Figure 5. FGFR1 activity promotes signals through ERK/mTor in palbociclib-resistant NSCLC cells.

A. Fold change in the activity of a subset of tyrosine kinases obtained from a tyrosine kinase activity array in parental H358 cells grown in the absence of palbociclib and H358-PR250 cells continuously grown in palbociclib. B. Cell cycle analysis of parental H358 and H358-PR250 cells following treatment with 100 nM PD0325901, 100 nM everolimus, 10 nM LY2874455, 10 μM erlotinib, or 2 μM LDN-211904 for 24 hours. C. Assessment of apoptosis by Annexin V staining of H358 and H358-PR250 cells treated as in (B) for 3 days. D. Colony formation assay assessing the sensitivity of H358 and H358-PR250 to LY2874455 (left panel), erlotinib (middle panel) and LDN-211904 (right panel) at the indicated doses for 14 days.
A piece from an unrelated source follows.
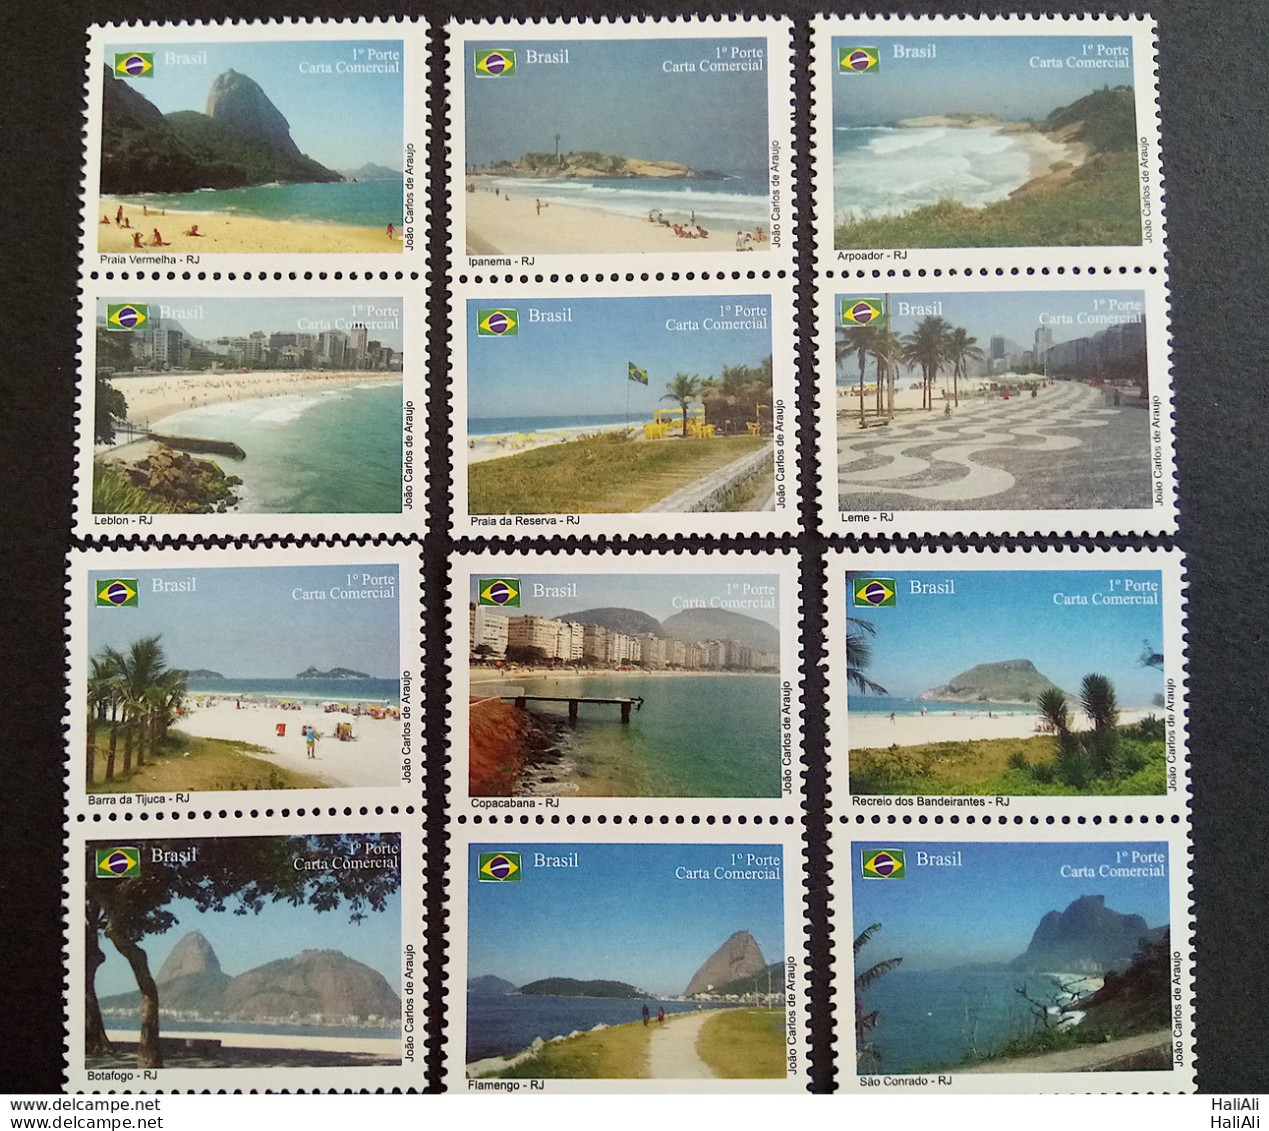 C 2927 Brazil Depersonalized Stamp Tourism Rio De Janeiro Cariocas Beach 2009 Complete Series - Gepersonaliseerde Postzegels
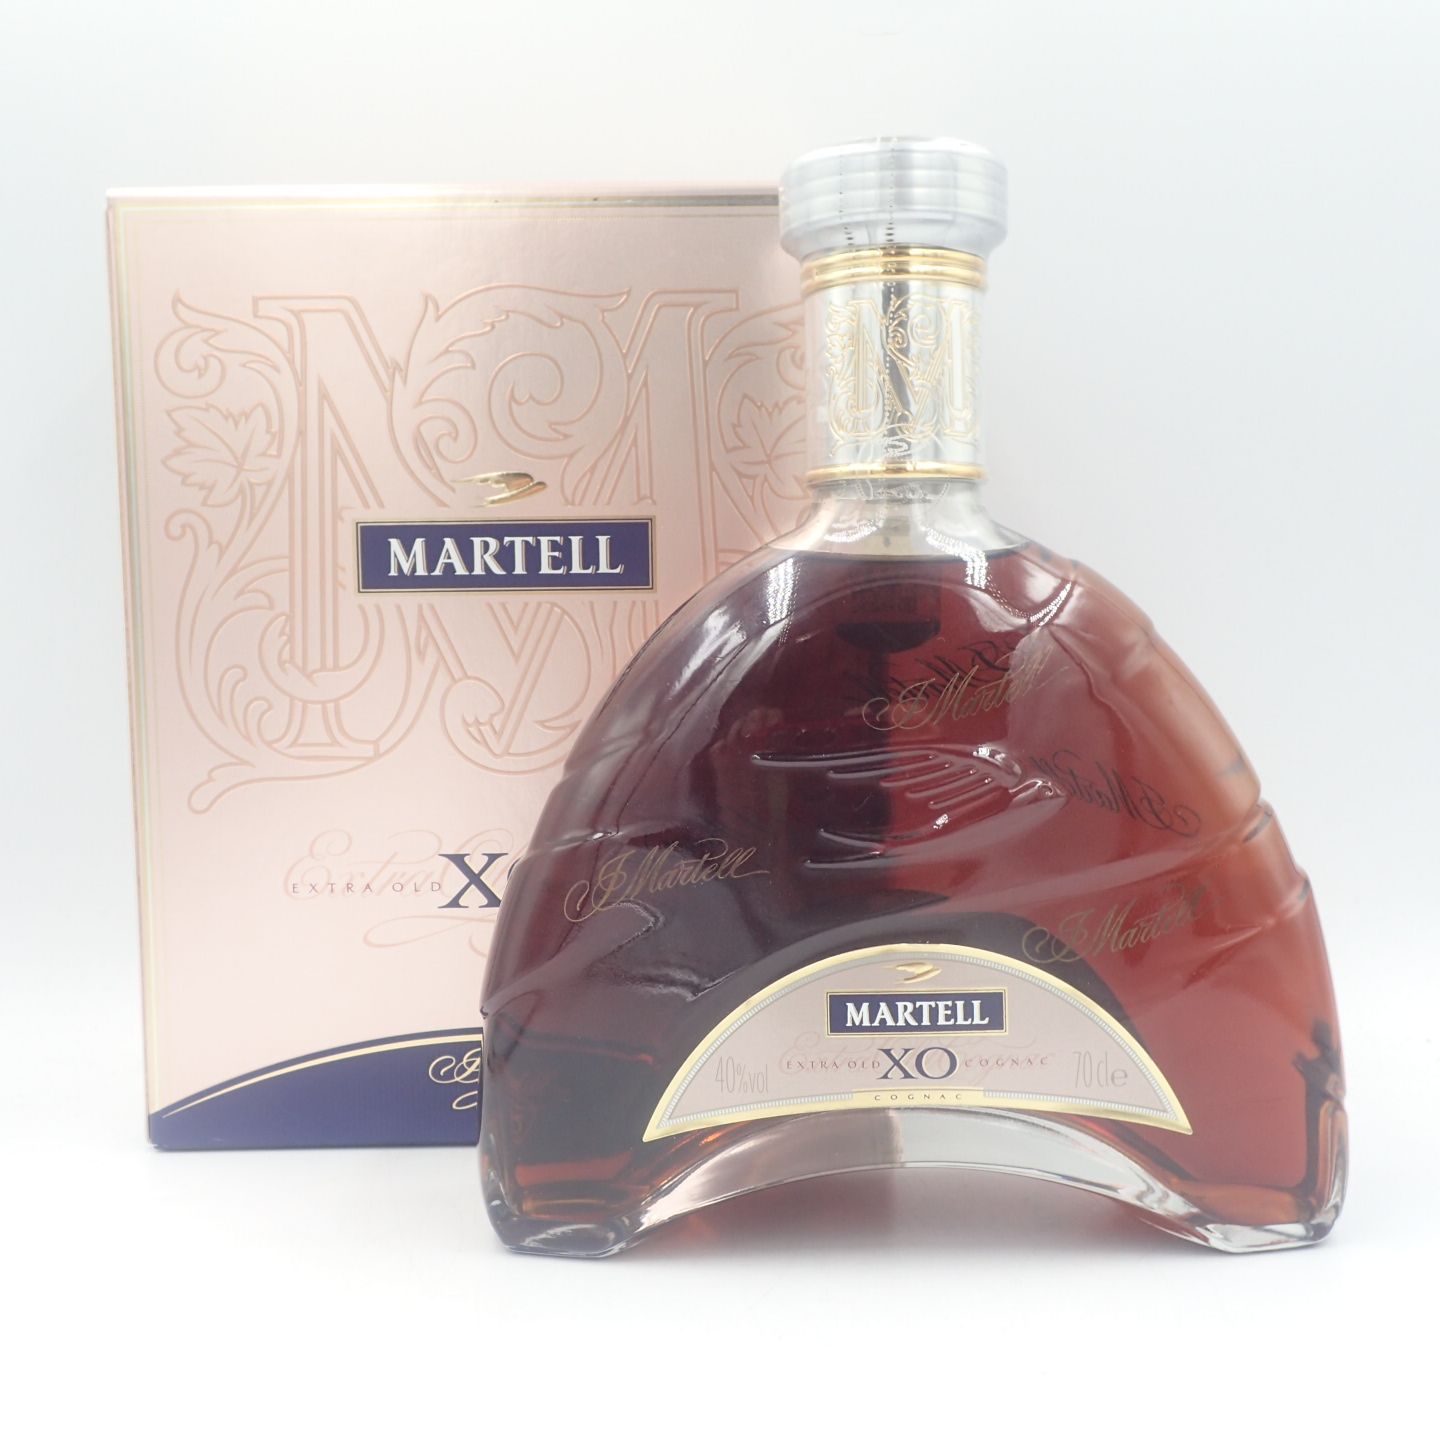 MARTELL マーテル XO EXTRA OLD COGNAC 700ml - 酒

E. Assessment of ERK1/2 activity by Western blot analysis of lysates obtained from H358-PR250 cells treated with DMSO or LY2874455 (LY4455), erlotinib or LDN-211904 (LDN) as in (B) for 24 hours. F. Assessment of CDK2, CDK4, CDK6, Cyclin D1 and Cyclin D3 expression in parental H358 and H358-PR250 cells treated with DMSO or 10 nM LY2874455 (LY4455) for 24 hours.